GTA real estate broker demands commission even after failed house sale
A real estate broker north of Toronto is suing a consumer for commission even though a $900,000 home sale arranged by his company fell through.
”He really feels he’s owed it and I don’t know why,” Marlene Nemeth said in an interview.
The brokerage claims, in a statement to Global News, that it had a signed deal with the seller “which provides that our commission is payable upon acceptance of a satisfactory offer, even if the deal doesn’t close.”
Hans Ohrstrom, broker of record at HomeLife Eagle Realty, Inc., sent a bill for $45,765.00 to Nemeth in February of this year.
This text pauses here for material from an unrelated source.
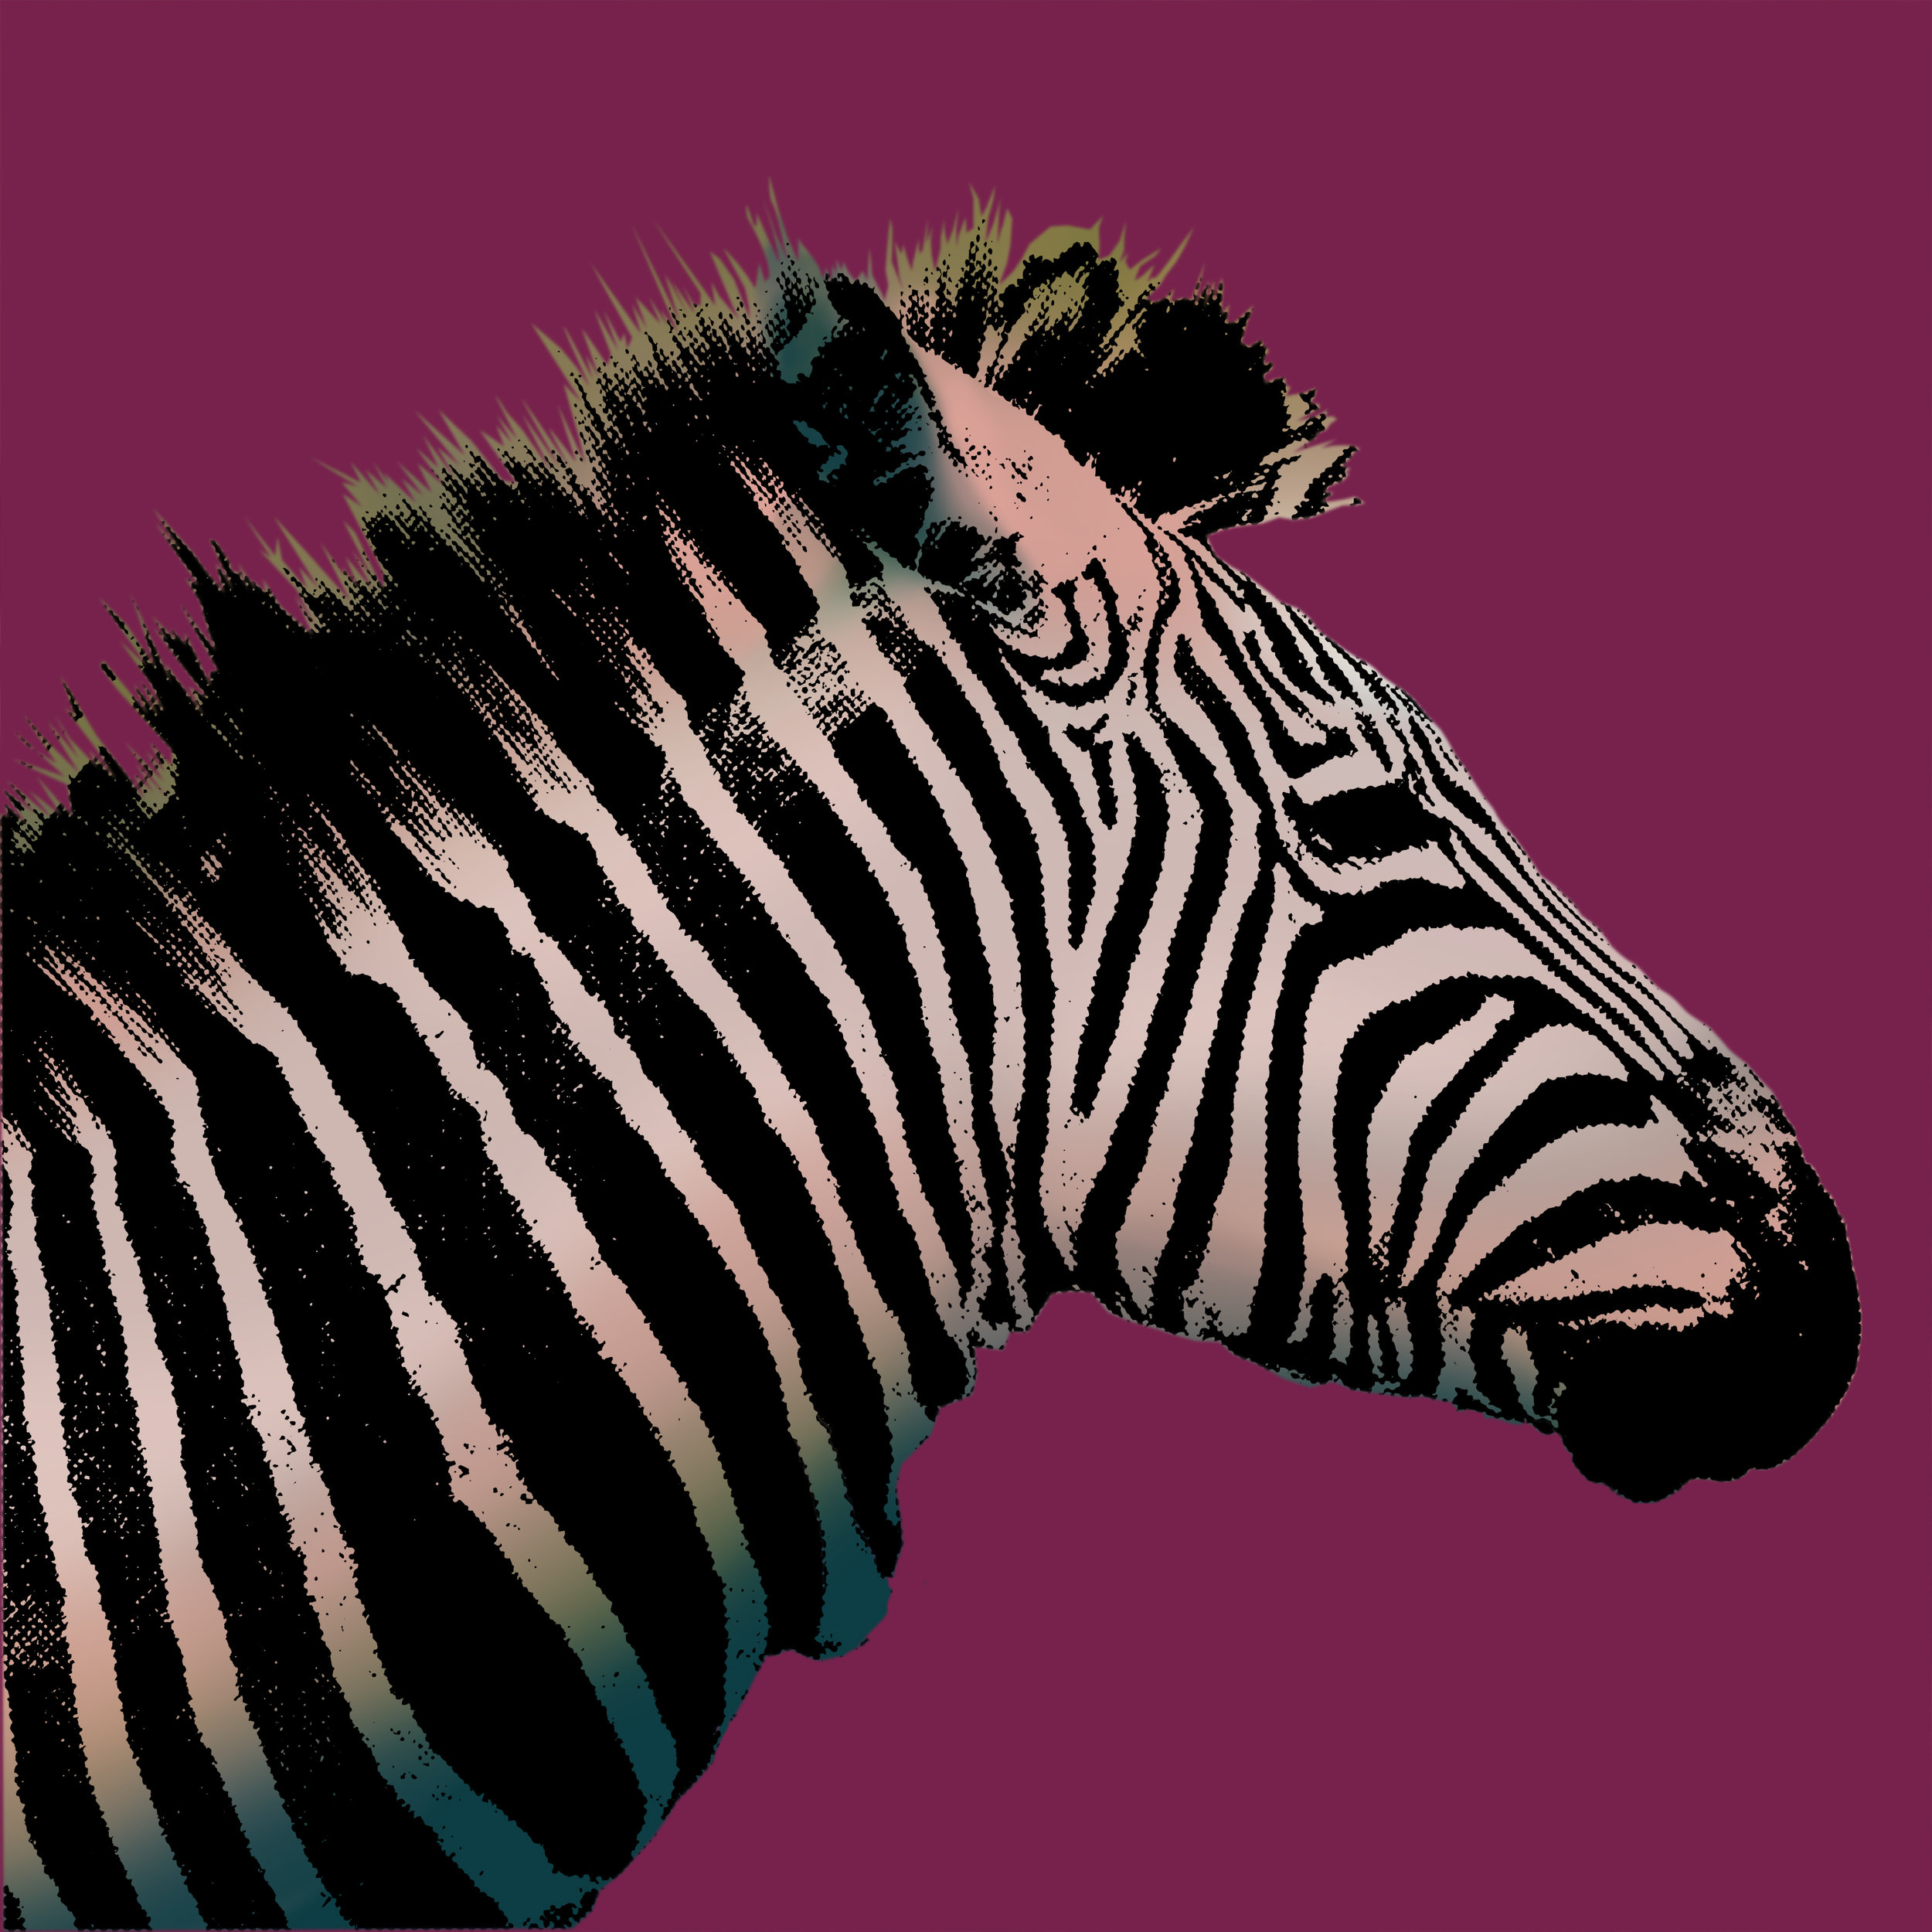 Zebra_PopArt.jpg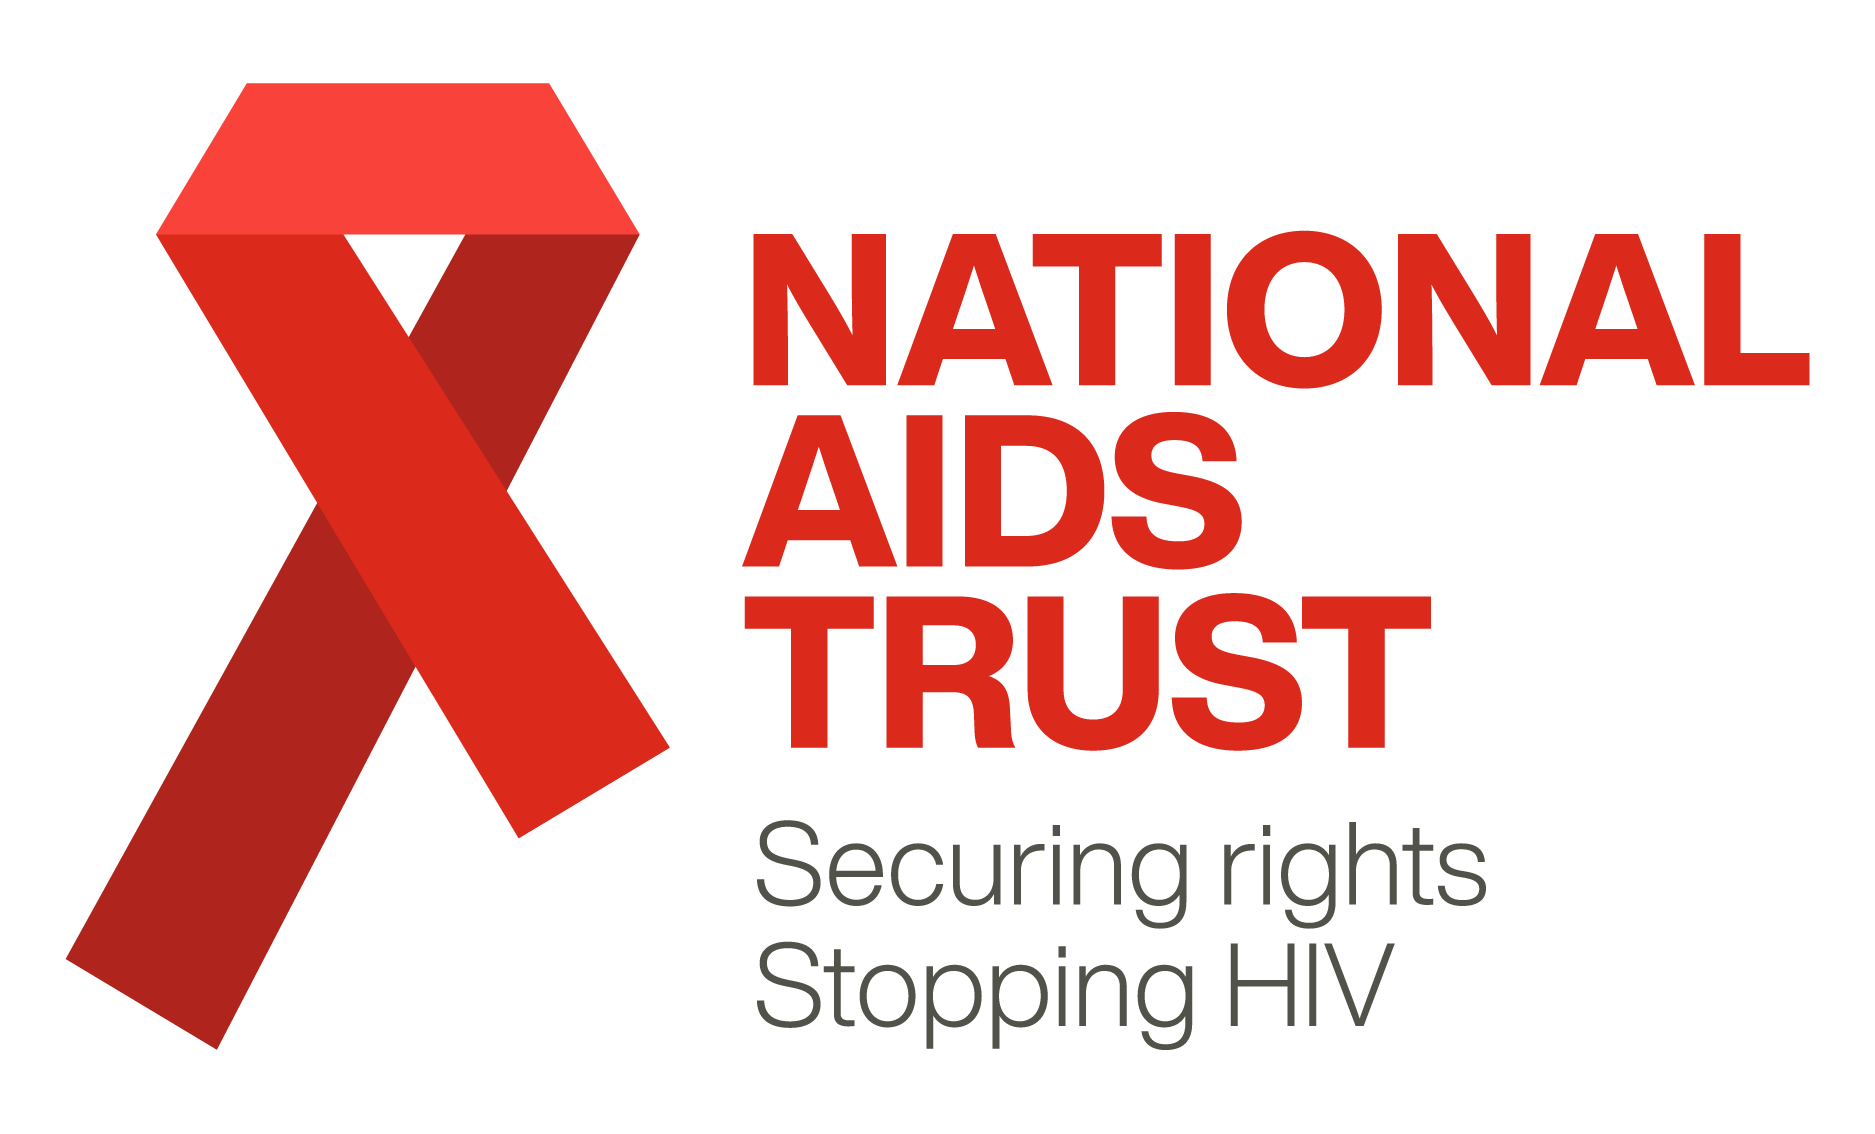 National AIDS Trust logo

A month later, he sent her a revised bill for $30,510. When Nemeth refused to pay either invoice, on the advice of a lawyer, Ohrstrom’s company reduced its claim to $25,000 plus HST in order to be able to sue her in small claims court.
Ohrstrom’s lawyer denies Nemeth was kept in the dark about the buyer’s financial difficulties, and told Global News “regardless of the buyer’s financial situation, to Ms. Nemeth’s knowledge the buyer was the owner of an existing property of significant value.”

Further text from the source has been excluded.